»»
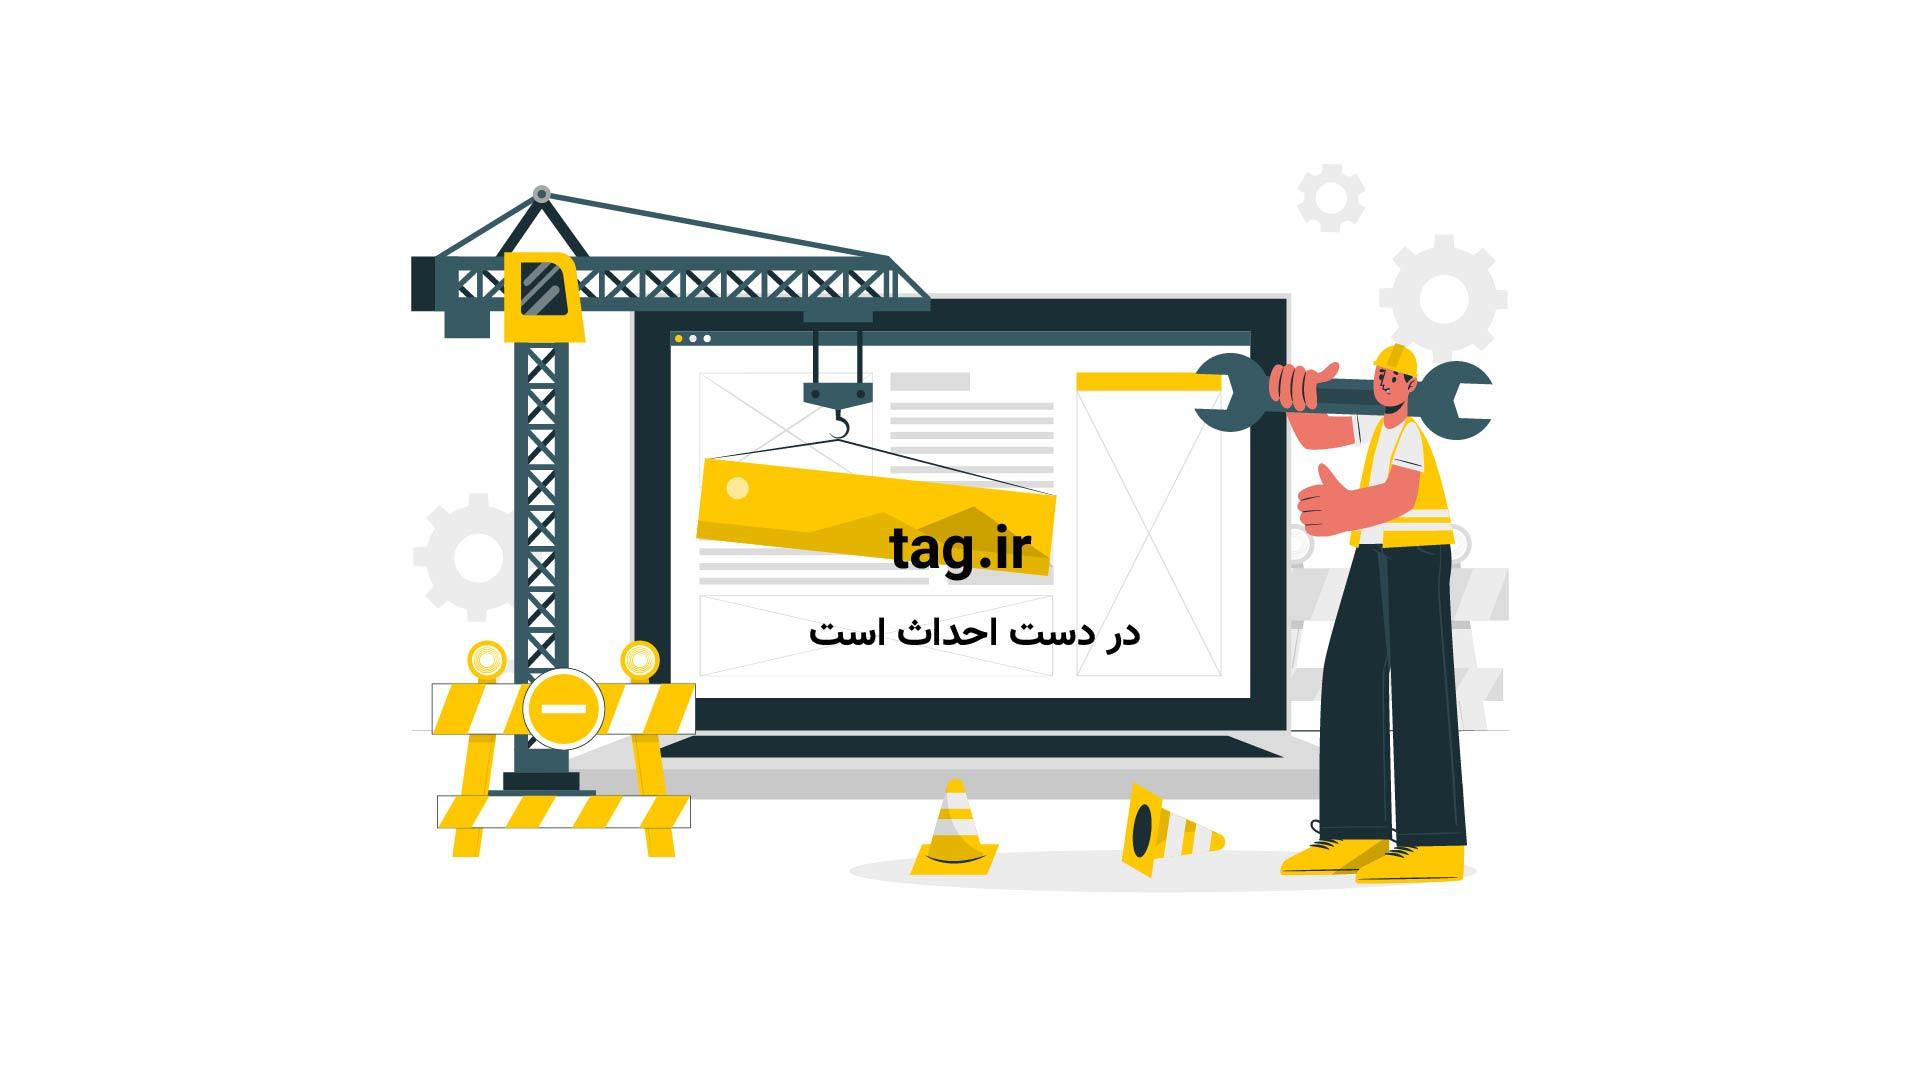 سکانس ماندگار فیلم محمد رسول الله؛ لحظه اعلام علنی اسلام و ورود باشکوه حمزه | فیلم
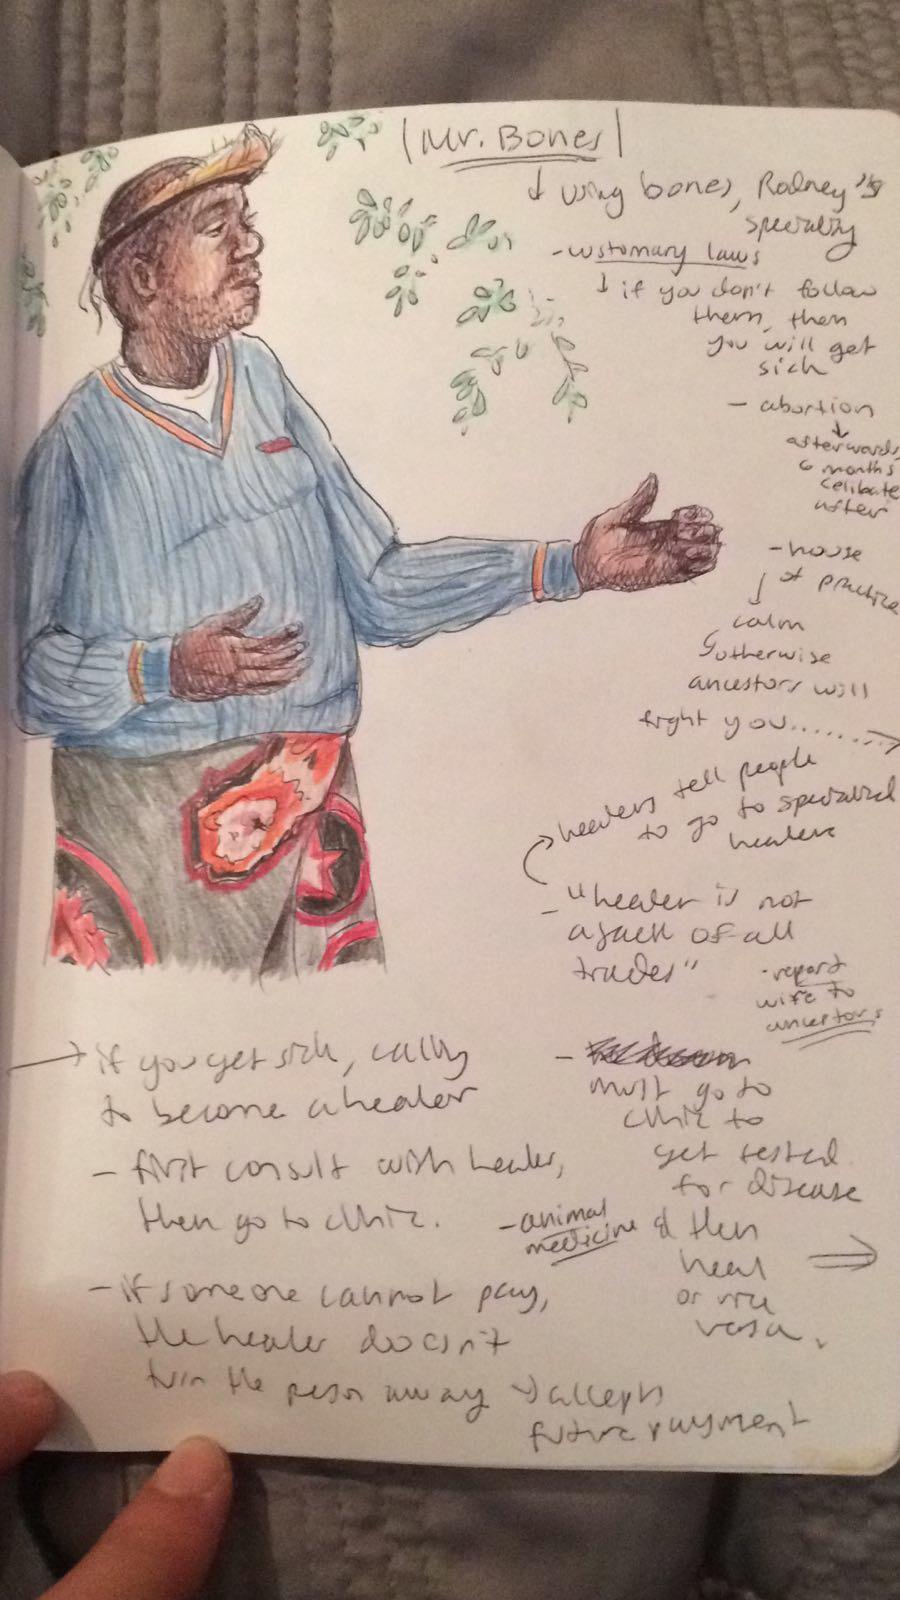 South Africa - artwork -Ysemay Dercon traditional healer sketchbook S. Africa.JPG
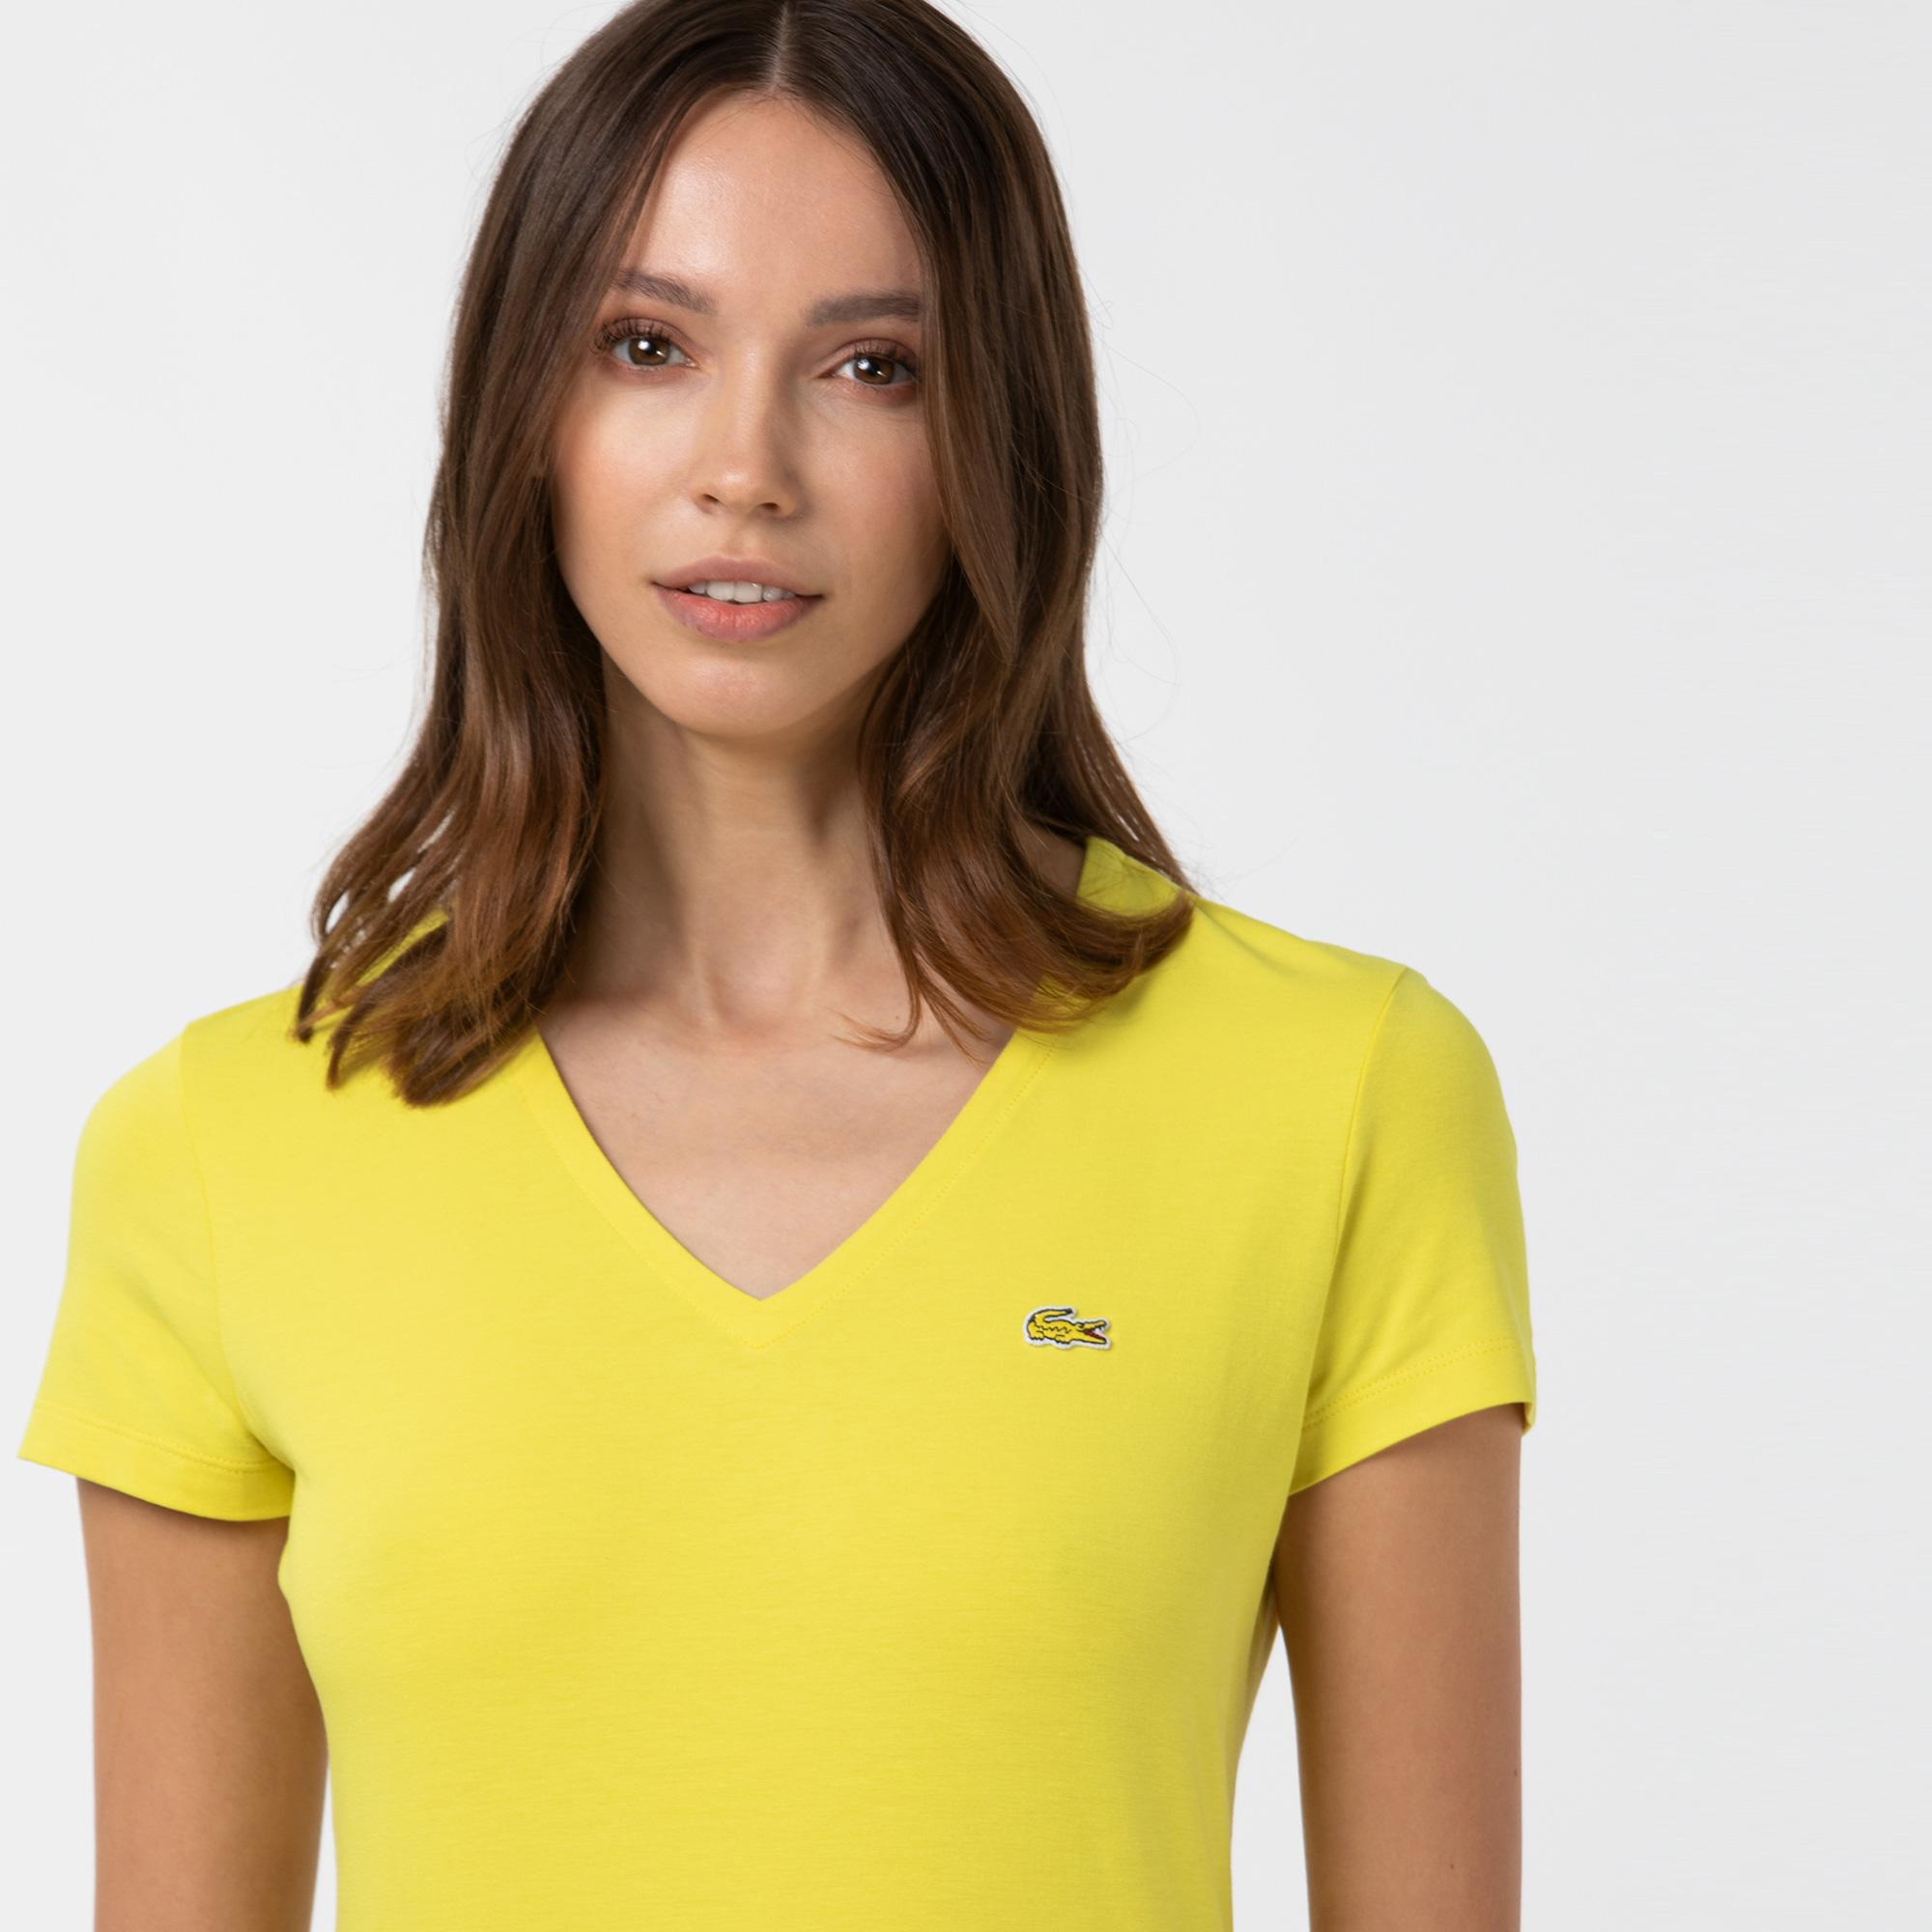 Lacoste Kadın V Yaka Sarı T-Shirt
««
Task item >> The expected answer is the listing above, duplicated exactly, with its pictures removed.

Exercise output >>
 سکانس ماندگار فیلم محمد رسول الله؛ لحظه اعلام علنی اسلام و ورود باشکوه حمزه | فیلم
 South Africa - artwork -Ysemay Dercon traditional healer sketchbook S. Africa.JPG
 Lacoste Kadın V Yaka Sarı T-Shirt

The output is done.